# Convert the Ubuntu Dialogue Corpus into Q&A pairs

Select the short Q&A discussions only from the Ubuntu Dialogue Corpus.

**Acknowledgments**
https://www.kaggle.com/datasets/rtatman/ubuntu-dialogue-corpus

This dataset was ORIGINALLY collected by Ryan Lowe, Nissan Pow , Iulian V. Serban† and Joelle Pineau.
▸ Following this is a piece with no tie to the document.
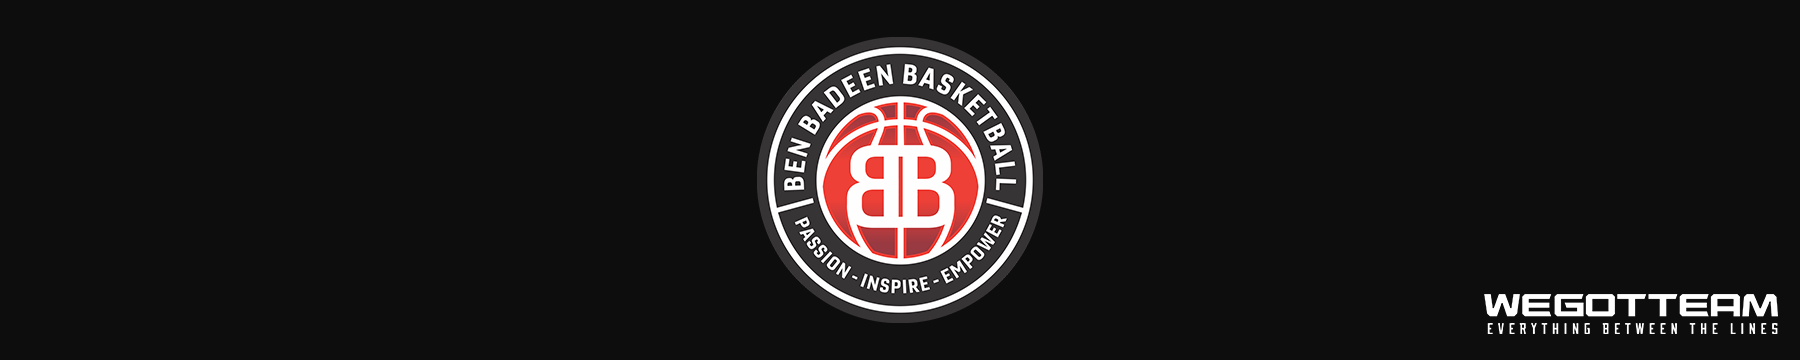 Ben Badeen Basketball

It is made available here under the Apache License, 2.0. If you use this data in your work, please include the following citation:

Ryan Lowe, Nissan Pow, Iulian V. Serban and Joelle Pineau, "The Ubuntu Dialogue Corpus: A Large Dataset for Research in Unstructured Multi-Turn Dialogue Systems", SIGDial 2015. URL: http://www.sigdial.org/workshops/conference16/proceedings/pdf/SIGDIAL40.pdf

[![Open In Colab](https://colab.research.google.com/assets/colab-badge.svg)](https://colab.research.google.com/github/LAION-AI/Open-Assistant/blob/data/datasets/ubuntu_dialogue/ubuntu_parser.ipynb)

In [1]:
# uncomment and run below lines to set up if running in colab
# !git clone https://github.com/LAION-AI/Open-Assistant.git
# %cd Open-Assistant/data/datasets/ubuntu_dialogue/
# !pip install -r requirements.txt

In [4]:
# download data, you can get your kaggle.json file from your account page https://www.kaggle.com/me/account
import kaggle

kaggle.api.dataset_download_files("rtatman/ubuntu-dialogue-corpus", unzip=True)

In [5]:
# global settings

FOLDER = "Ubuntu-dialogue-corpus"  # input folder containing ubuntu dialogue csv files
SOURCE = "ubuntu-dialogue"  # source to use in the parquet for each row

In [6]:
import os
import re
import json

from tqdm import tqdm

import numpy as np
import pandas as pd

In [7]:
def load(file):
    data = pd.read_csv(file)
    data["date"] = pd.to_datetime(data["date"])
    data["id"] = data[["folder", "dialogueID"]].apply(lambda x: f"{x[0]}_{x[1].split('.tsv')[0]}", axis=1)
    data.drop(columns=["folder", "dialogueID"], inplace=True)
    return data


data = None
for file in tqdm(os.listdir(FOLDER)):
    data = pd.concat([data, load(os.path.join(FOLDER, file))])

data.head()

100%|███████████████████████████████████████████████████████████████████████████████████| 3/3 [07:34<00:00, 151.36s/it]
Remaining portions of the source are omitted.